*** Data records ***

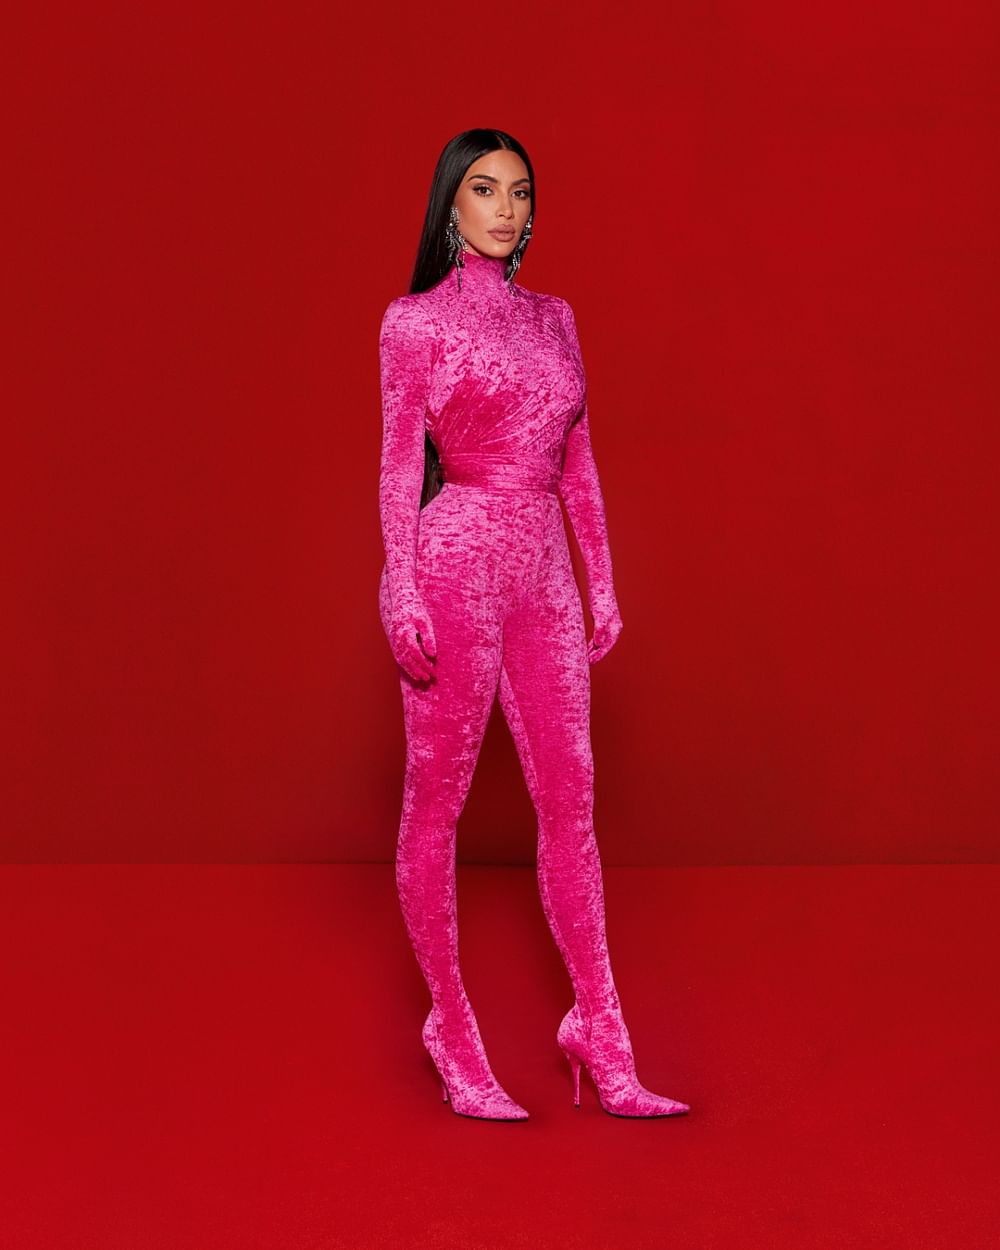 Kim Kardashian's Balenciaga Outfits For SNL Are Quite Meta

*** End of Data records ***
*** Data records ***

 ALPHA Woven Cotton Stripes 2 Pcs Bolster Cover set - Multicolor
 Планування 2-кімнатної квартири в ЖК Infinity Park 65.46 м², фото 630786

*** End of Data records ***
*** Data records ***

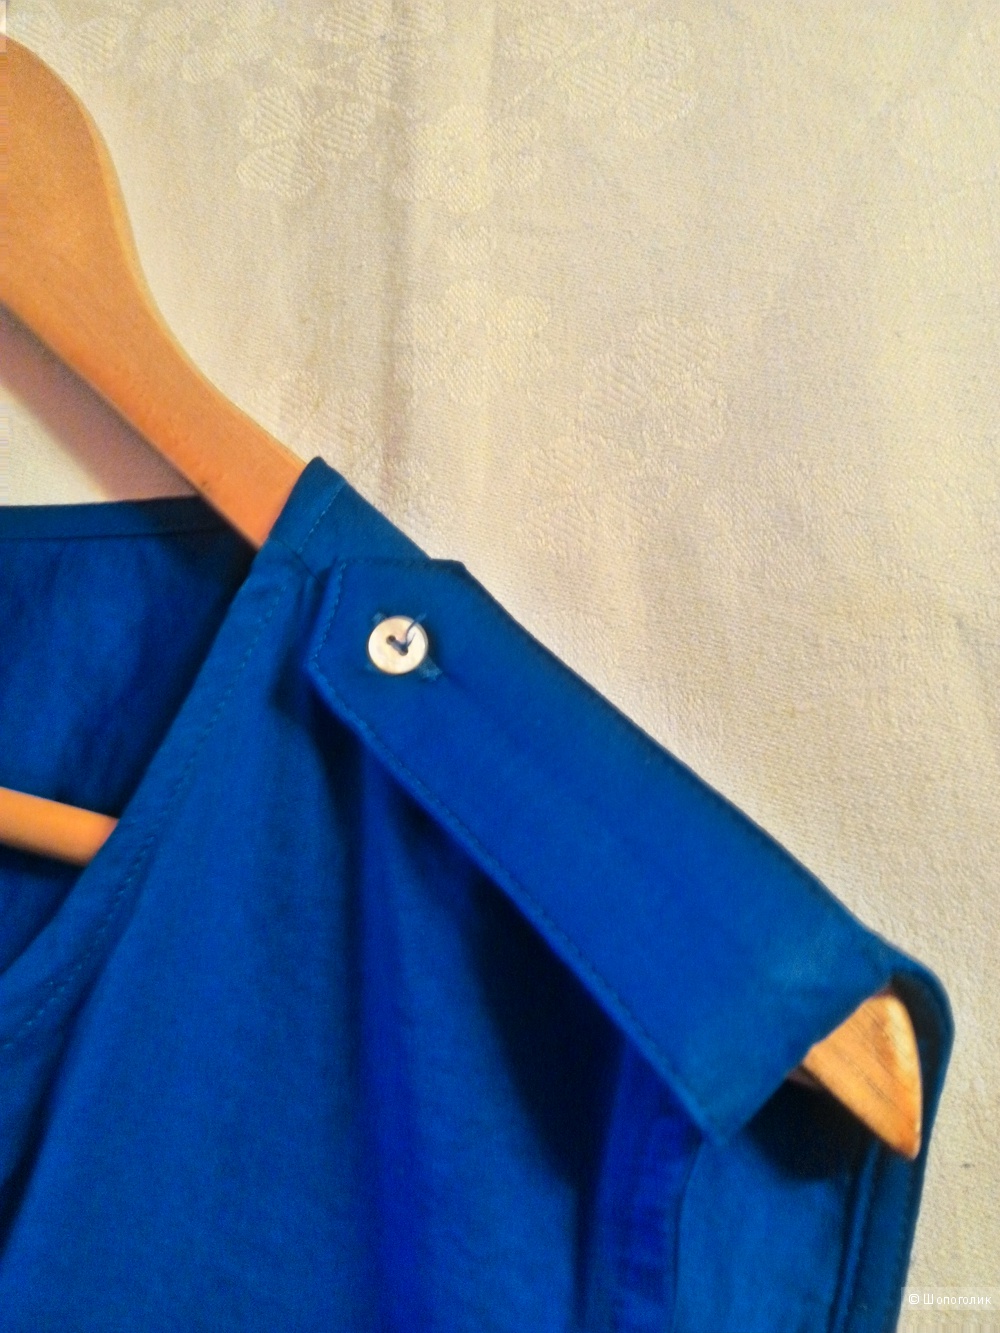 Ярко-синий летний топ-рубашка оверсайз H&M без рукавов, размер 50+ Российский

*** End of Data records ***

What you have to do: In the listing above, start at the line with "ALPHA Woven Cotton", go on through the line with "Планування 2-кімнатної квартири", and copy each of those lines exactly; leave out all the rest.

Your solution:
 ALPHA Woven Cotton Stripes 2 Pcs Bolster Cover set - Multicolor
 Планування 2-кімнатної квартири в ЖК Infinity Park 65.46 м², фото 630786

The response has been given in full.